Arafura’s funding – which includes about $495 million in loans from the Critical Minerals Facility, $200 million from the revamped Northern Australia Infrastructure Facility, and up to $115 million in federal export financing – will underpin Australia’s second rare earths refinery after federal taxpayers loaned $1.25 billion to Iluka for a facility at Eneabba in Western Australia.

The Critical Minerals Facility has now committed to support projects in Western Australia, South Australia, the Northern Territory and Queensland.

Mr Albanese announced last week his plans for a Future Made in Australia Act, which would be a series of loans, grants, subsidies, tax breaks and other investment incentives to lure capital to Australia, or stop it from leaving, to bolster clean energy and advanced manufacturing.

The critical-minerals strategy is a key element of the act, and it includes a national security element in that Australia and its allies need to ease dependence on China for supply.

There is also a political element – in that the prime minister is aware of the consequences of job losses in coal mining areas.

He recently announced $1 billion towards developing the manufacture of solar panels near the site of the decommissioned Liddell coal-fired power station in the NSW Hunter Valley.

Queensland launch

Wednesday’s announcement will be in the northern Queensland city of Gladstone, which relies heavily on gas and coal for jobs, and its at the heart of the marginal Coalition seat of Flynn.

“The global race for new jobs and new opportunities is on.
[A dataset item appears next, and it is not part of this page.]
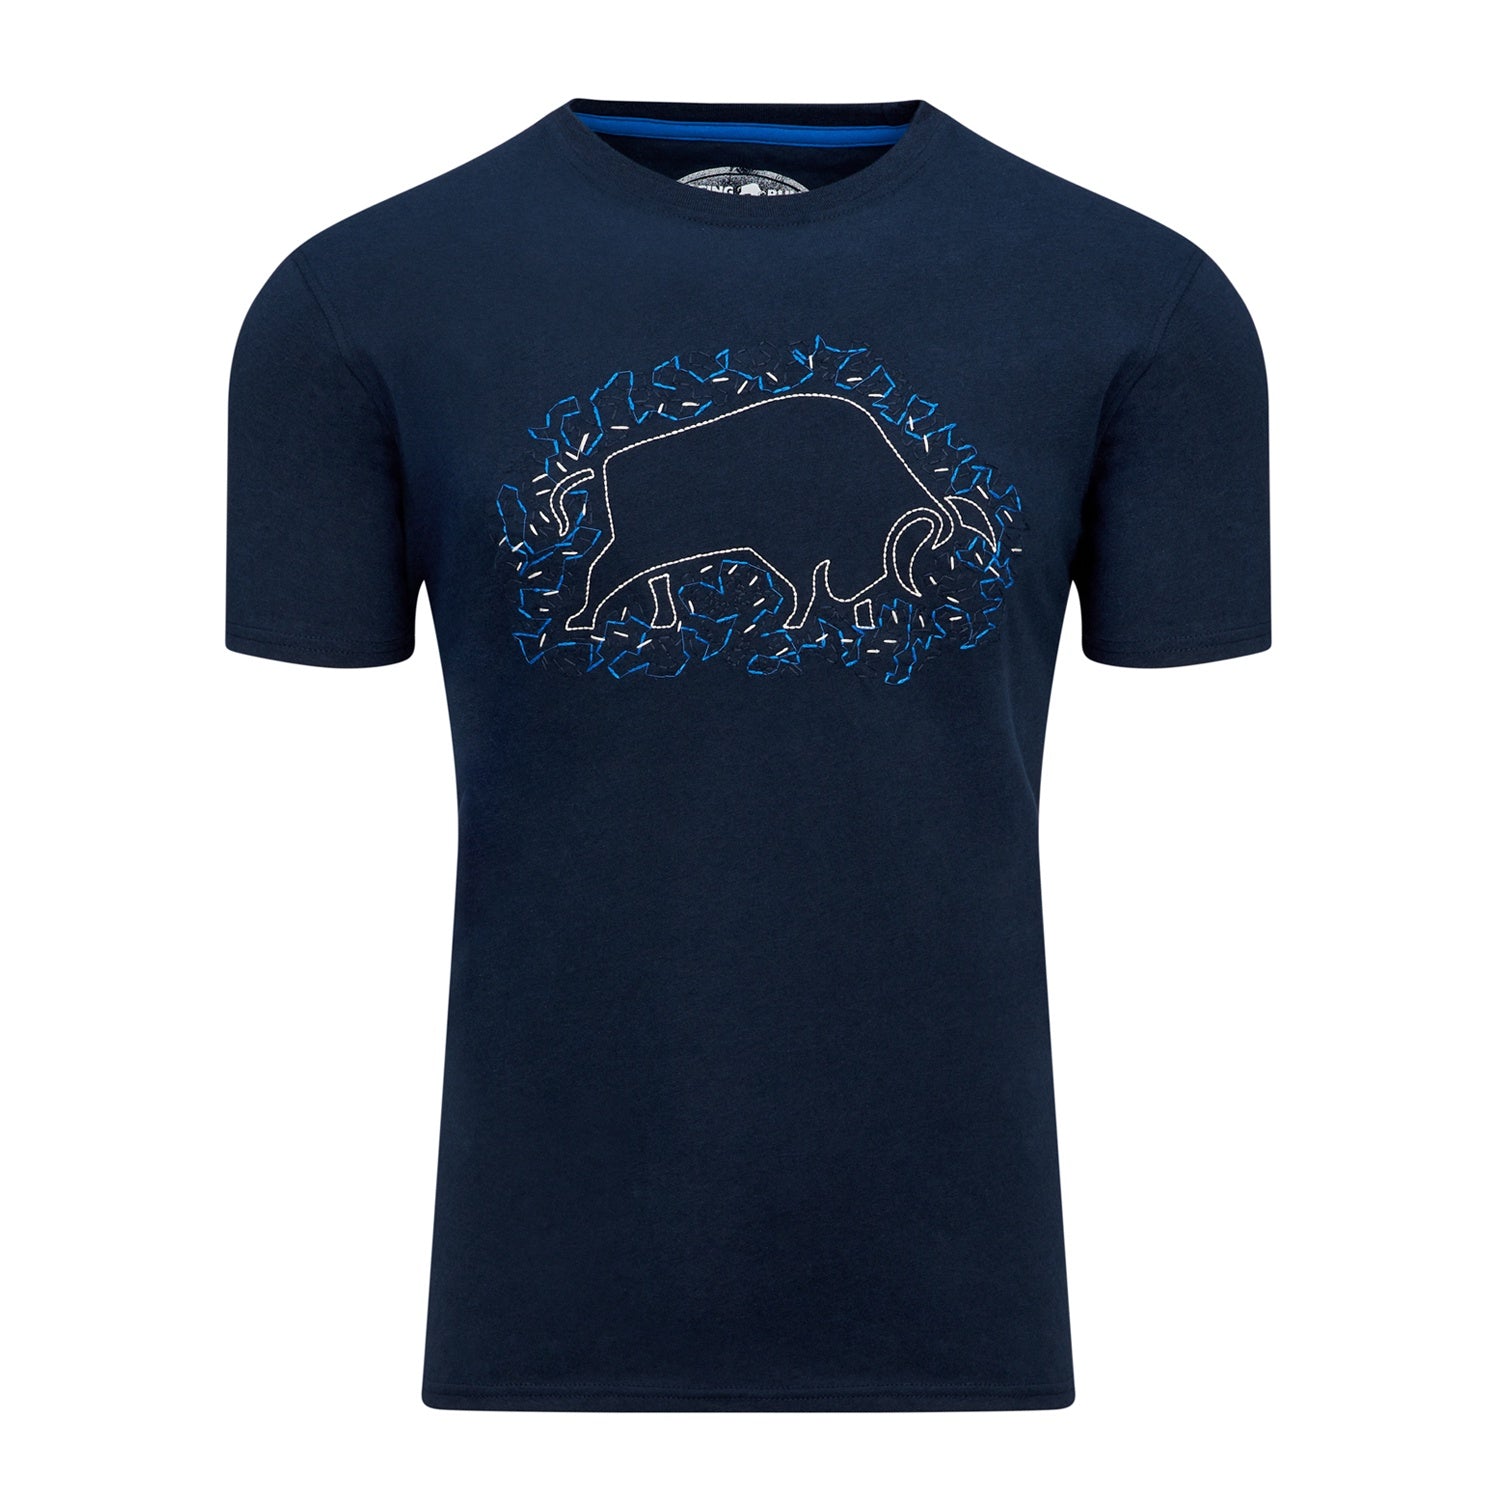 Raging Bull Scatter Stitch Tee - S22TS32 - Navy 1

Our government wants Australia to be in it to win it,” Mr Albanese said.

“These two critical-minerals projects will help secure good and secure jobs in manufacturing, and clean, reliable energy.”

The Future Made in Australia Act is designed to mimic the pulling power of the Biden administration’s massive Inflation Reduction Act, as well as schemes in other like-minded countries.

The move has rankled the Productivity Commission and other free-market exponents, but Mr Albanese said it was no longer just a matter of free market economics but national security and sovereign manufacturing capacity.